10 October 2015

The information contained within the following news articles have been pre published. The articles were published on the dates indicated and the information contained within these issues include references to taxation, legislation, regulation and other issues or concerns that may no longer apply

Global Market Update


Share prices experienced another month of marked volatility during November, characterised by mounting fears over Italy’s financial stability. In the US, the S&P 500 index fell 0.5% while, closer to home, the FTSE 100 index registered an overall loss of 0.7%. In Europe, the CAC 40 index fell 2.7% and the DAX index fell 0.9%. Meanwhile a combination of political and financial turmoil ensured significant volatility in Italy, where the FTSE MIB index fell 4.7% over November as a whole.

Ratings agency Moody’s warned that the ongoing debt crisis in the eurozone could jeopardise the credit ratings of every member country. The International Monetary Fund announced fresh measures to help countries to insulate themselves from the effects of the debt crisis in the euro area.
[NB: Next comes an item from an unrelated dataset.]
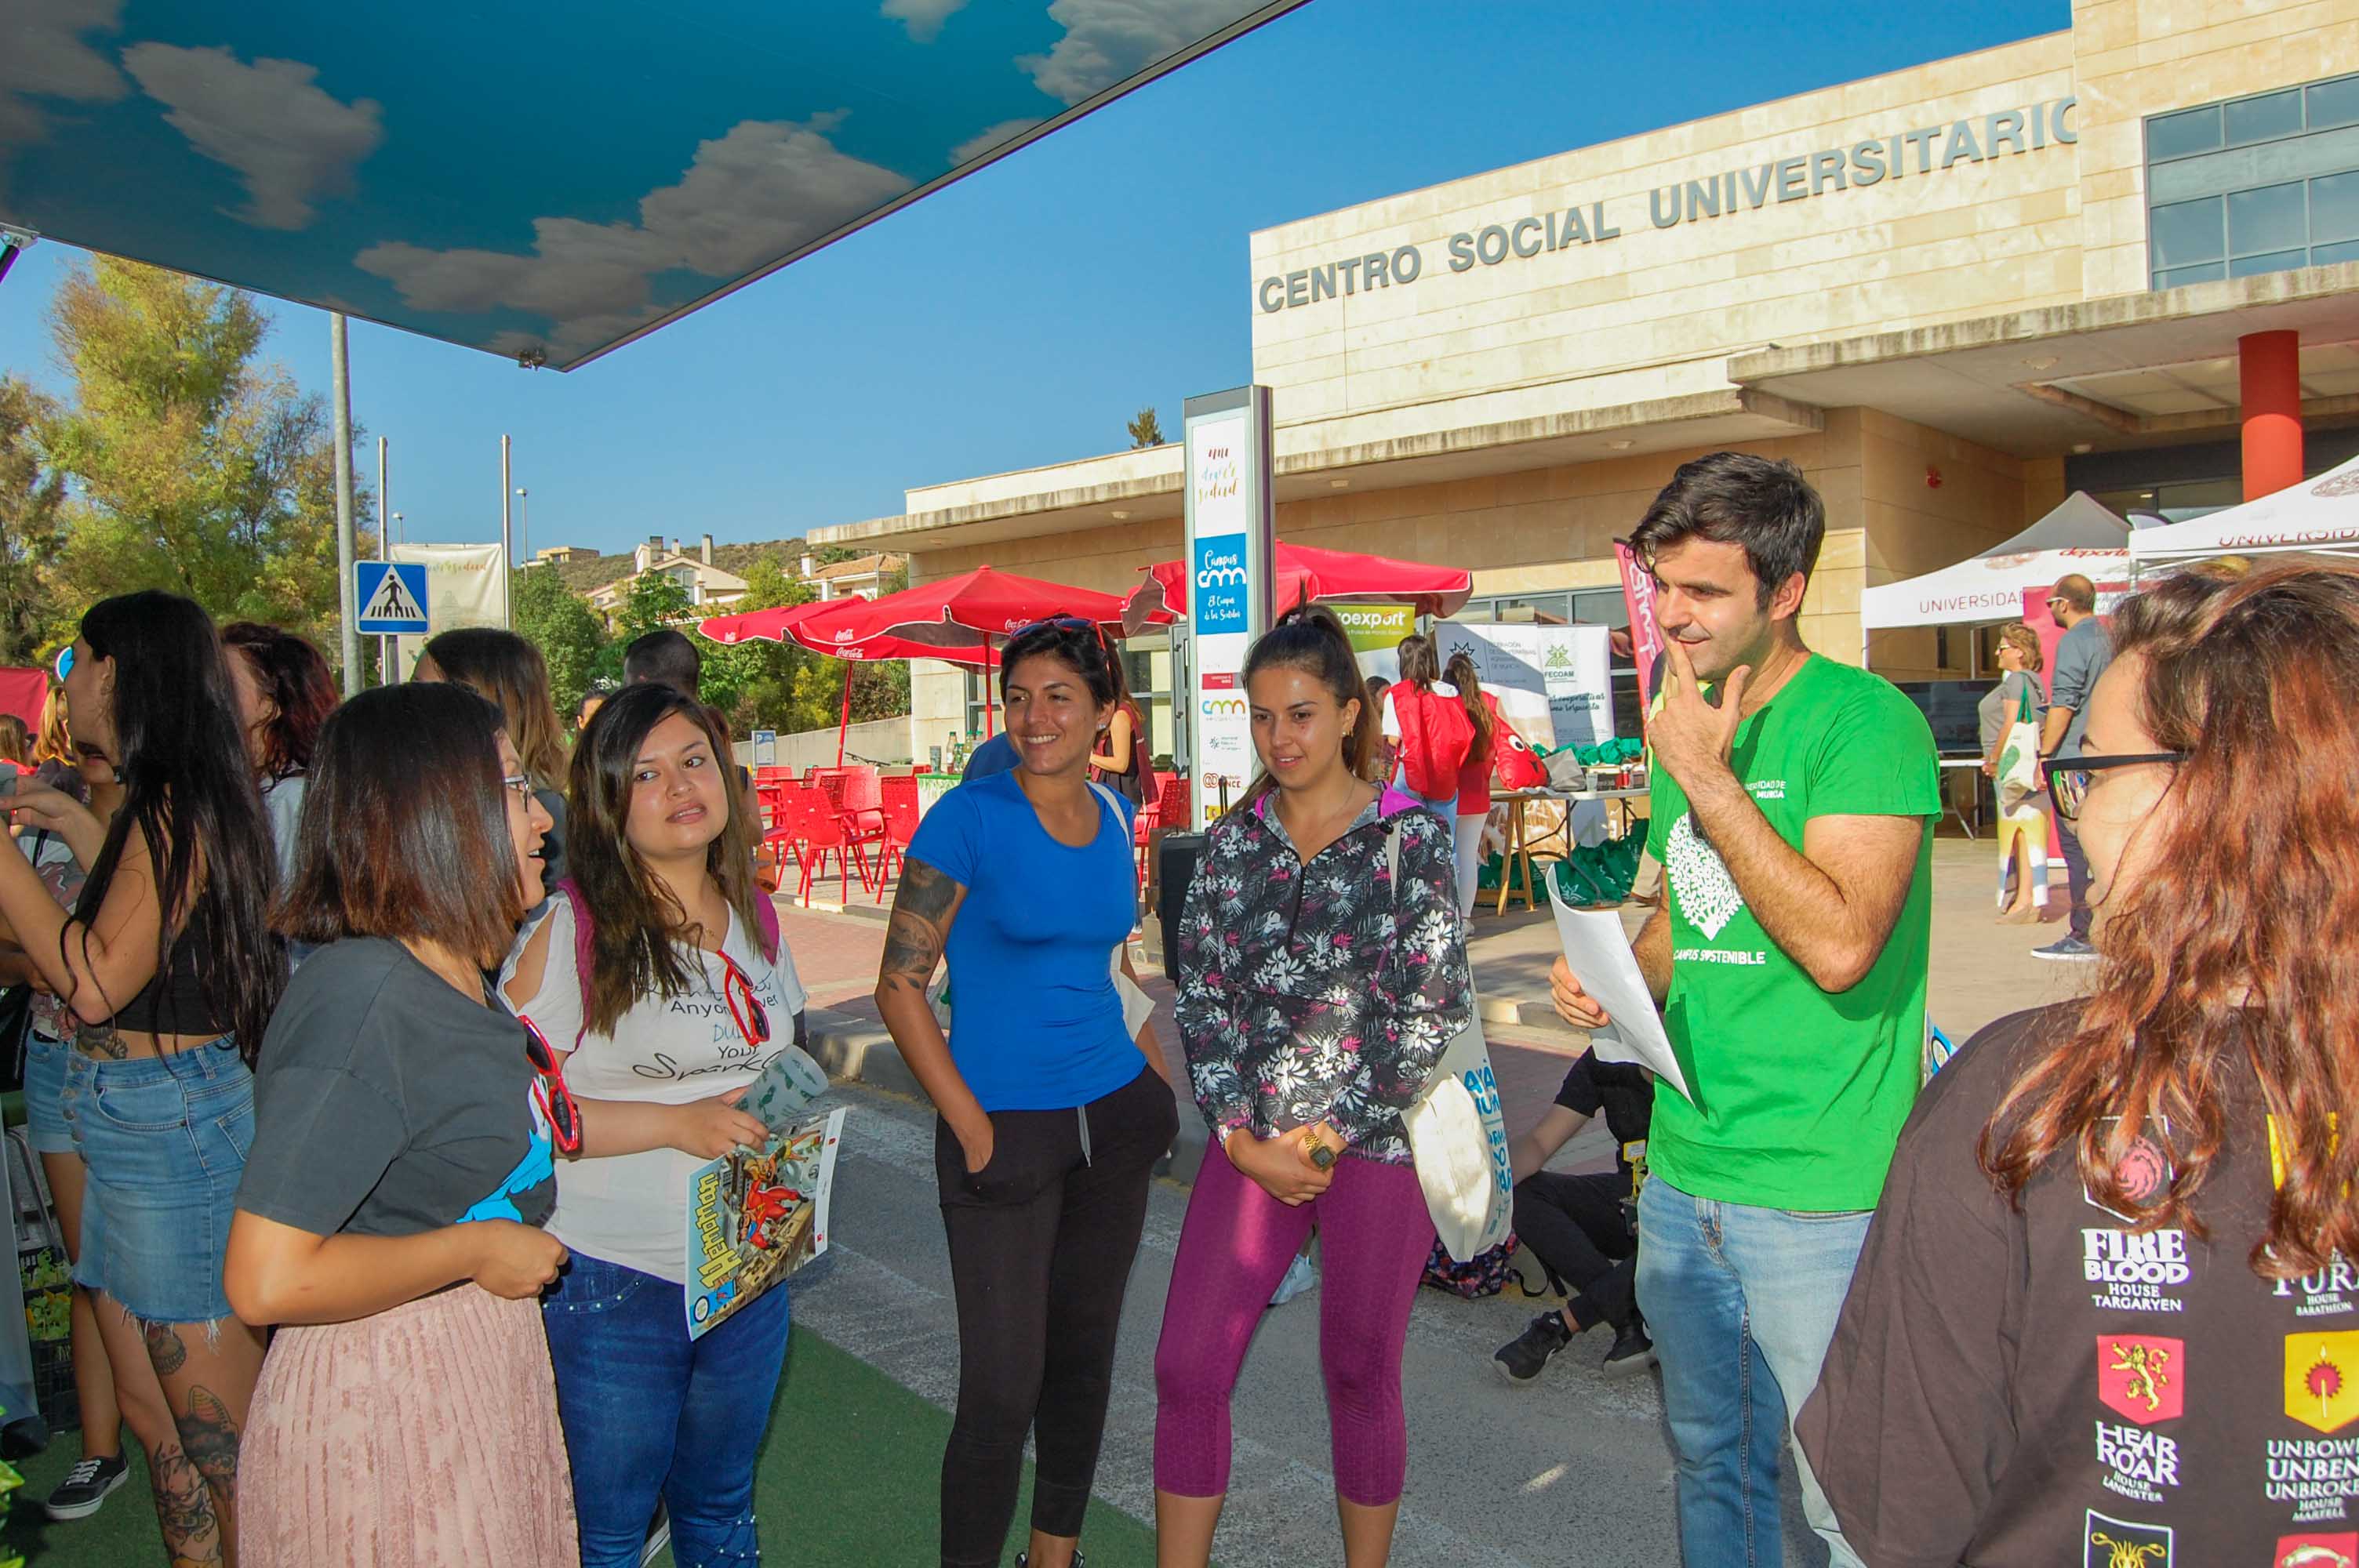 Campus Sostenible en la Feria Saludable organizada por REUS-UMU

The ‘Precautionary & Liquidity Line’ is intended to allow countries with “sound economic fundamentals” to insulate themselves against short-term liquidity requirements and “future shocks”.

More positively, having spent months raising its ‘Required Reserve Ratio’ to 21.5% in order to curb banking lending and cool inflationary pressures, the People’s Bank of China suddenly announced an unexpected interest rate cut of half a percentage point. Although unforeseen, the change in policy stance was warmly welcomed by investors around the world.

Towards the end of the month, a number of the world’s leading central banks – the Bank of England, the US Federal Reserve, the European Central Bank, the Bank of Japan, the Bank of Canada and the Swiss National Bank – joined forces to take co-ordinated action to support the global financial system.

The news provided a much-needed boost, not only for investor sentiment but also for share prices at the very end of the month. The BoE commented: “The purpose of these actions is to ease strains in financial markets and thereby mitigate the effects of such strains on the supply of credit to households and businesses and so help foster economic activity.”

The OECD expects the global economy to grow by 3.8% in 2011 and by 3.4% in 2012 although this forecast was tempered with a warning a “negative event” in Europe could seriously undermine global growth. The OECD expects a “mild” recession in the euro area in the near term and also warned that the UK recovery has halted. The US economy is forecast to expand by 1.7% in 2011 and by 2% in 2012, although the OECD remains concerned over the failure of Congress to solve the country’s deficit.